Stare domy ciężko dogrzać, trzeba je ocieplić, a nowe budynki budować z warstwą izolacji, szczelnymi oknami i drzwiami, w starych trzeba wszystko uszczelnić, znów wadą są koszty.

Najmniejszy dyskomfort to konieczność używania wielu warstw ubrań jednocześnie, często noszone ubrania się zużywają, trzeba kupować nowe. Niestety pod każdym względem epoka lodowcowa już jest kosztowna np. przez konieczność całorocznego ogrzewania domu, potrzeba większej liczby ubrań i butów, coraz droższe jedzenie, a będzie kosztować jeszcze więcej.

Skutki psychologiczne, długotrwały ziąb uniemożliwia wiele możliwości odpoczynku i sportu, co pogarsza nastrój, samo zimno jest bardzo nieprzyjemne, można sobie radzić korzystając z sauny lub kupując kominek z otwartym paleniskiem, którego błogi żar zrównoważy stres spowodowany zimnem i mrozem. Taki kominek jest kosztowny i karnet na siłownię również. Piecyki kozy dają wspaniałe ciepło, trzeba tylko siedzieć bardzo blisko nich. Długotrwałe okresy zachmurzenia rozlegulowują zegar biologiczny, powodują chandrę, pogłębiają stany depresyjne. Światło słoneczne o natężeniu 20000 luksów oddziałuje na melanopsynę w komórkach zwojowych siatkówki i generuje impuls nerwowy idący do ośrodka zegara biologicznego, jąder nadskrzyżowaniowych podwzgórza i reguluje rytm snu i czuwania, ponadto stymuluje wydzielanie endorfin, które powodują dobry nastrój, dlatego w słoneczny dzień jesteśmy szczęśliwi, chce nam się żyć i działać, a w deszczowy dzień popadamy w marazm, stąd depresje sezonowe oraz wiosenno-letnie okresy euforii. Światło stymuluje też wydzielanie dopaminy, która dodaje chęci, sił i humoru. Niestety coraz mniej słonecznych dni.

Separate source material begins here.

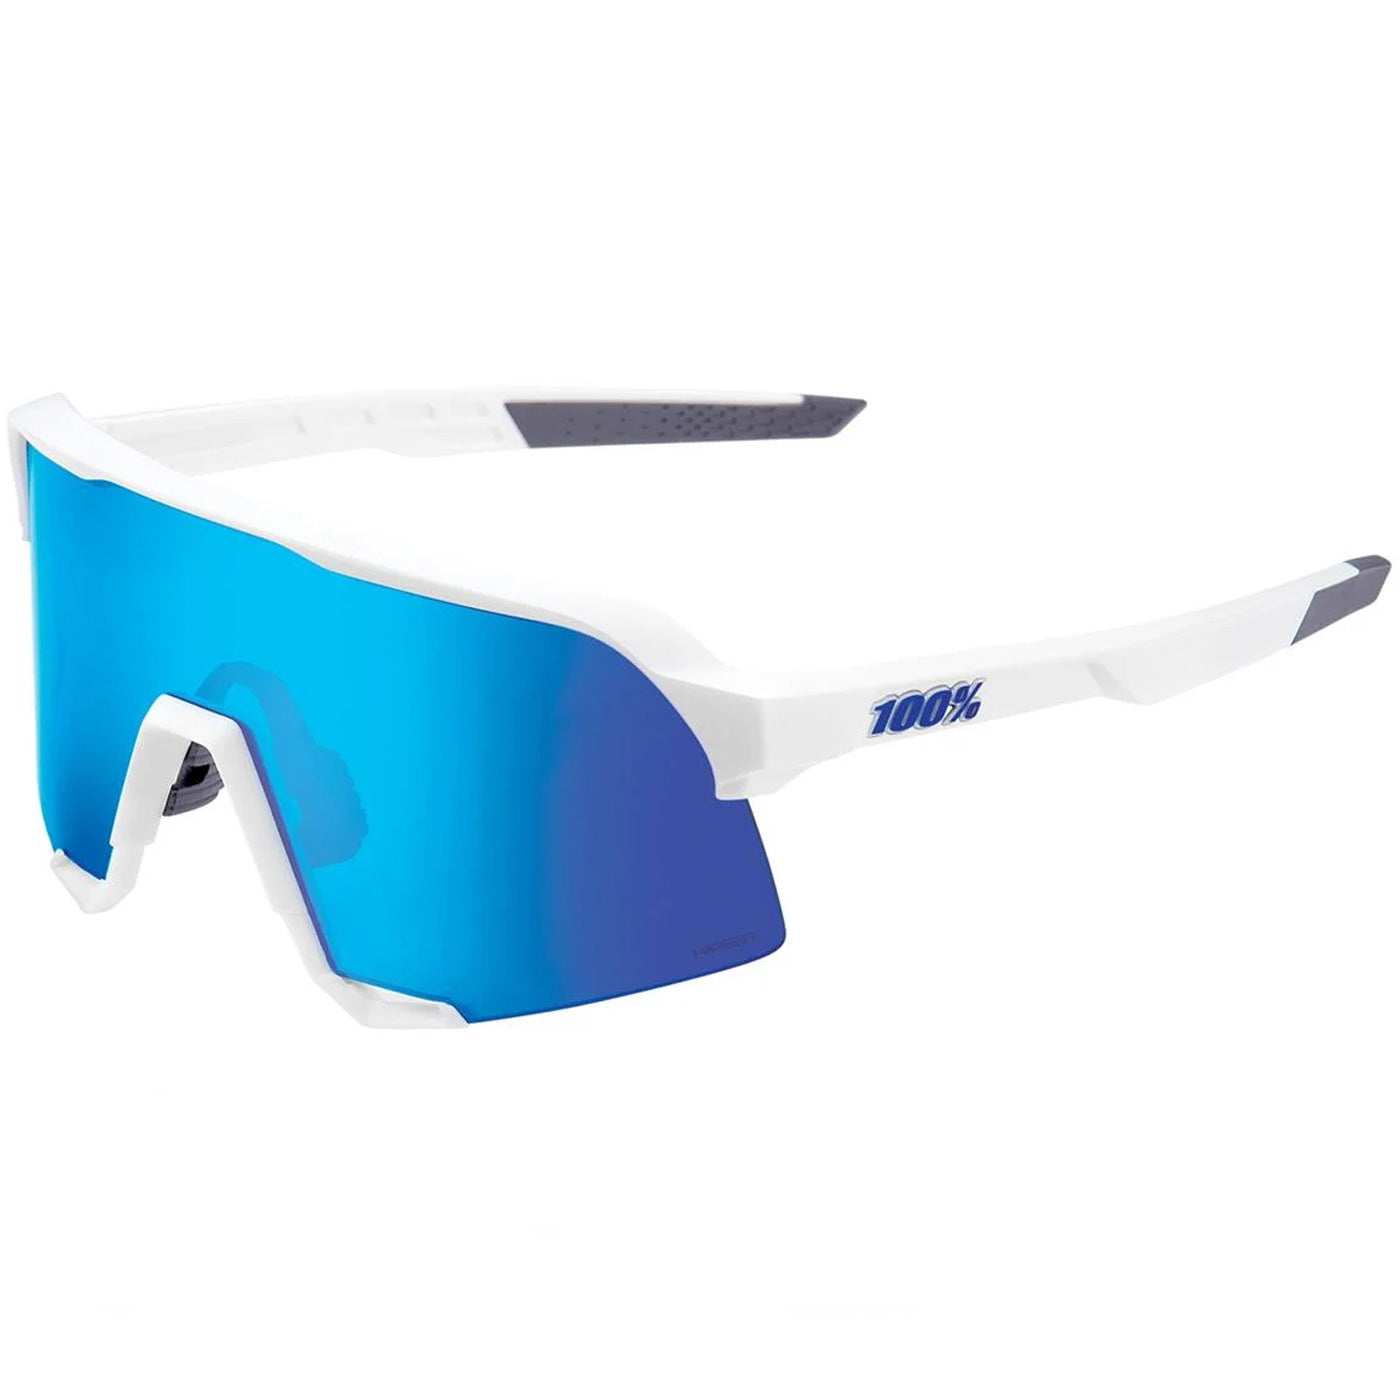 100% S3 sunglasses - Matte White HiPER Blue Mirror Lens | All4cycling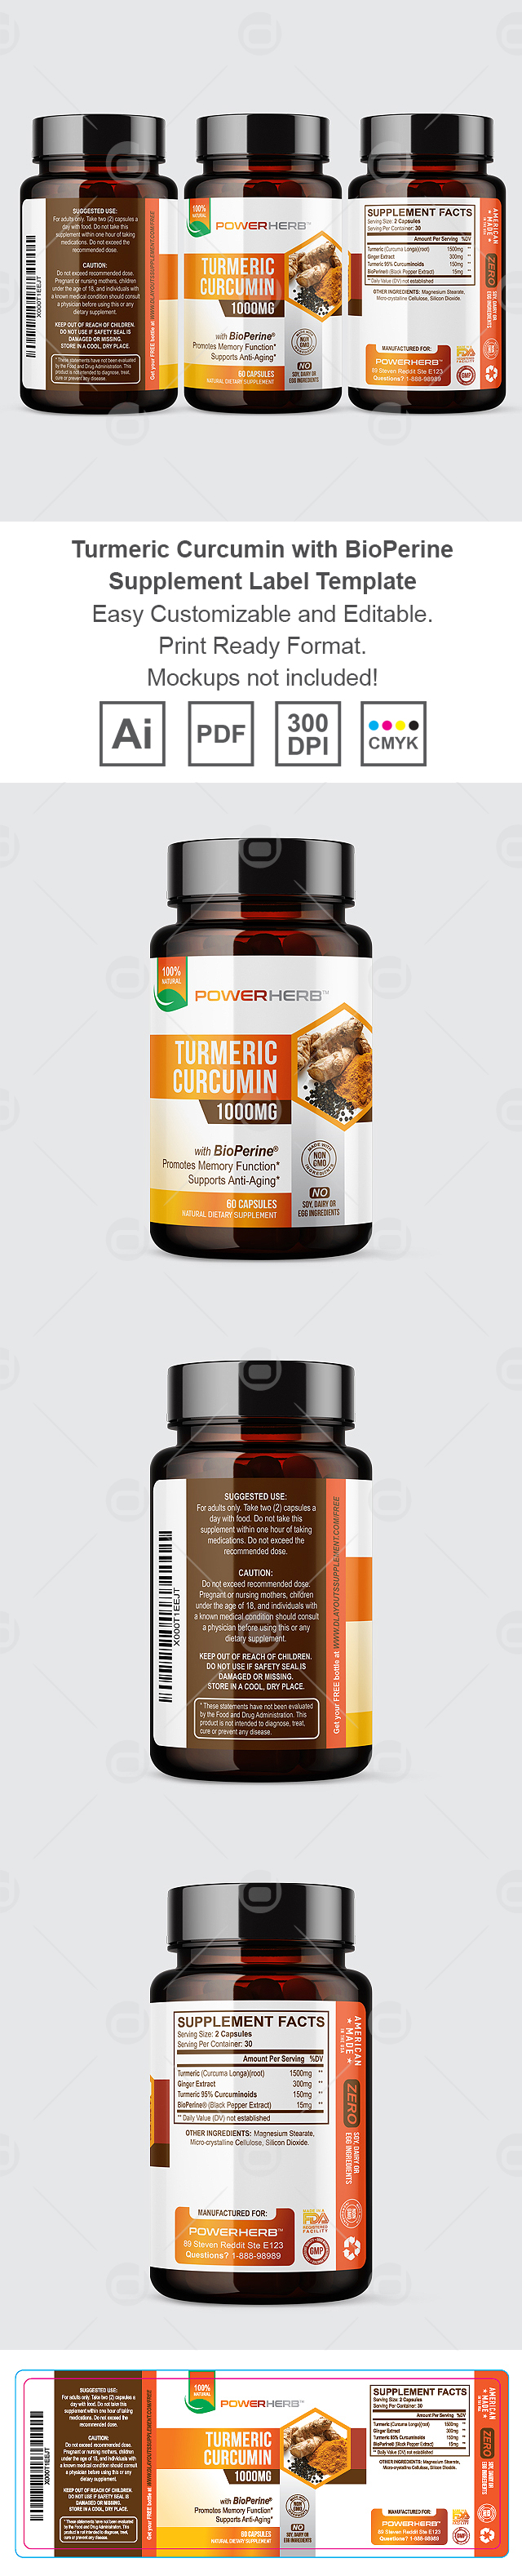 Turmeric Curcumin with BioPerine Supplement Label Template

Zimno i brak słońca to także obniżenie libido, witamina D umożliwia wchłanianie wapnia, który bierze udział w syntezie hormonów sterydowych, w tym płciowych, dodatkowo w upały, kiedy się pocimy i mamy niewiele ubrań łatwo roznoszą się feromony. Największe libido mamy wiosną, tak by w czasie ciąży kobieta miała dostęp do świeżych warzyw i owoców, więc zdrowego pożywienia, jest też synteza skórna witaminy D, potrzebnej bardzo szczególnie w ciąży, kiedy dziecko odbiera kobiecie wapń potrzebny do tworzenia własnych organów, nie tylko kości. Latem, kiedy mamy mało ubrań i bardziej się pocimy łatwo rozsiewane są feromony. Na pewno zdarzą się pojedyncze długie i ciepłe wiosny oraz upalne lata, ale pojedyncze lata nie podniosą przyrostu demograficznego i nie będzie komu płacić składek na nasze emerytury oraz emerytury naszych dzieci i wnuków. Wpłynie to na podniesienie wieku emerytalnego i wysokość pensji, co z kolei zmniejszy możliwość radzenia sobie z zimnem. Dotyczy to głównie krajów położonych na szerokościach geograficznych od zwrotników do biegunów.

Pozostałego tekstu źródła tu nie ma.